Okay let's follow the prompt:

(base) mtg@pop-os:~/MADDOG$ bgzip -c Lumpy.vcf > Lumpy.vcf.gz
(base) mtg@pop-os:~/MADDOG$ tabix -p vcf Lumpy.vcf.gz 
[E::hts_idx_push] Unsorted positions on sequence #1: 670648 followed by 230637
tbx_index_build failed: Lumpy.vcf.gz

All of the other call sets produce either no-output like Pindel or the error like NGSep.

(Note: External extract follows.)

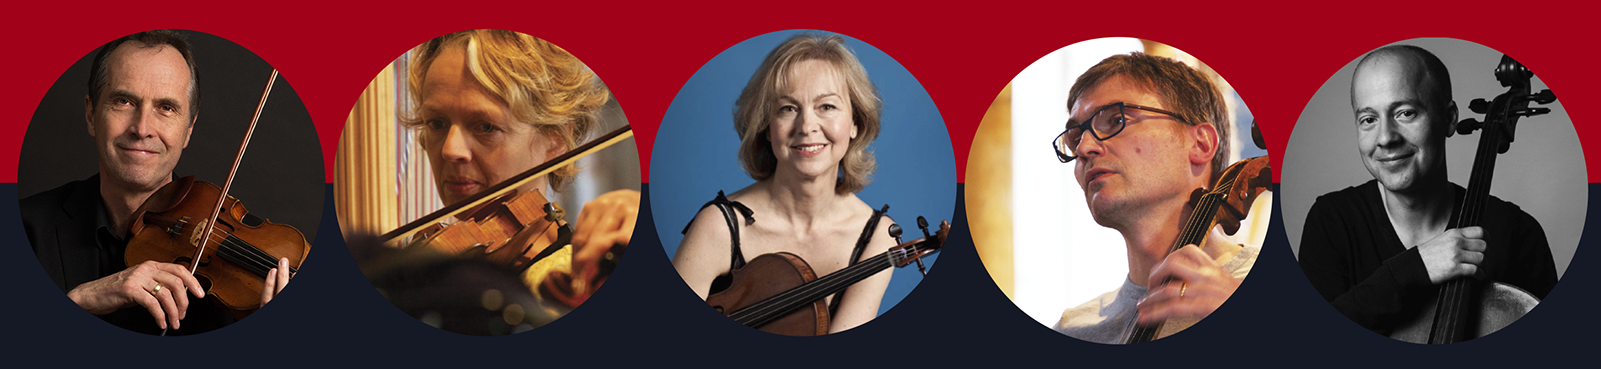 UntunedSky Concert 5 December Schubert and Boccherini
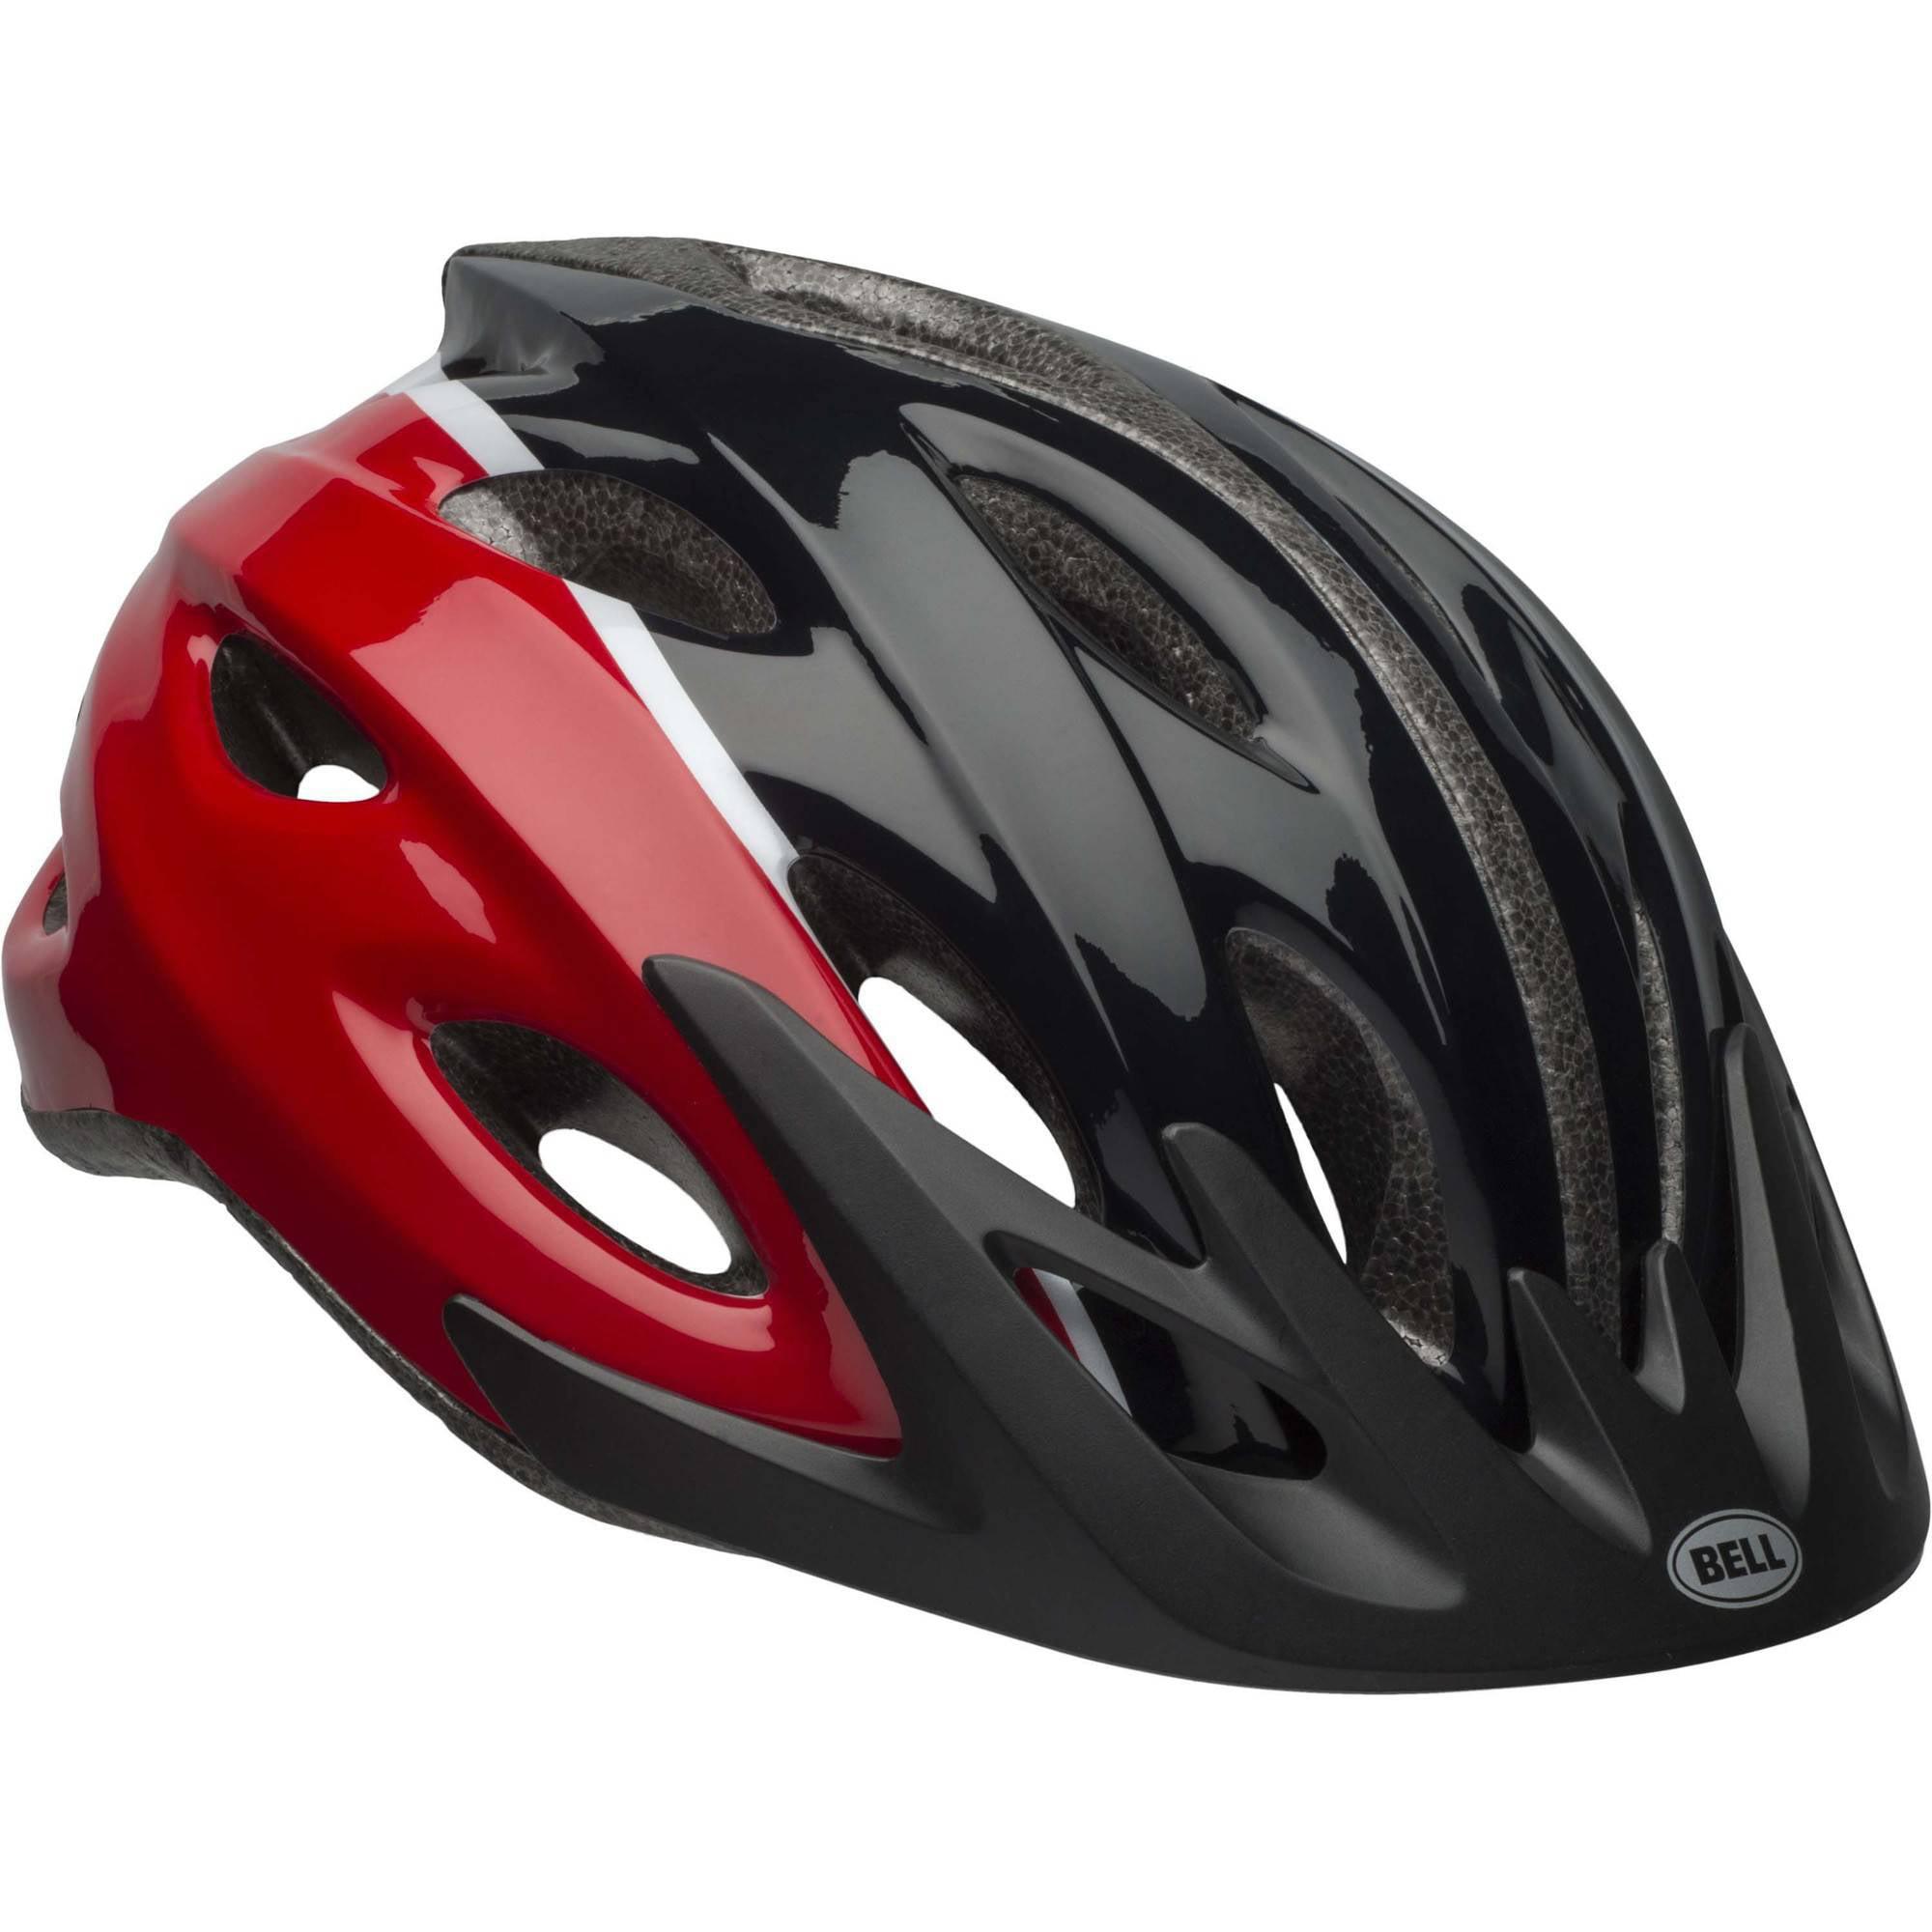 Bell Sports Ringer Slate Adult Helmet, Red and Black

jbelyeu commented 4 years ago

Ok, well, that narrows it down to data-specific problems. Samplot vcf doesn't plot small events by default (for more details run samplot vcf -h and check out the --min_bp argument), but if the variants in your pindel file are larger than 20 bp that shouldn't be an issue.

The other vcfs have different isssues. Lumpy.vcf probably just needs to be sorted before indexing (check this out: https://www.biostars.org/p/299659/). I'm not familiar with ngsep personally, but it appears not to include the SVTYPE field, which samplot vcf requires.

jbelyeu commented 4 years ago

Is sharing a subset of your pindel data an option? If so I'd be happy to try to reproduce the issue myself

moldach commented 4 years ago

Ok, well, that narrows it down to data-specific problems. Samplot vcf doesn't plot small events by default (for more details run samplot vcf -h and check out the --min_bp argument), but if the variants in your pindel file are larger than 20 bp that shouldn't be an issue.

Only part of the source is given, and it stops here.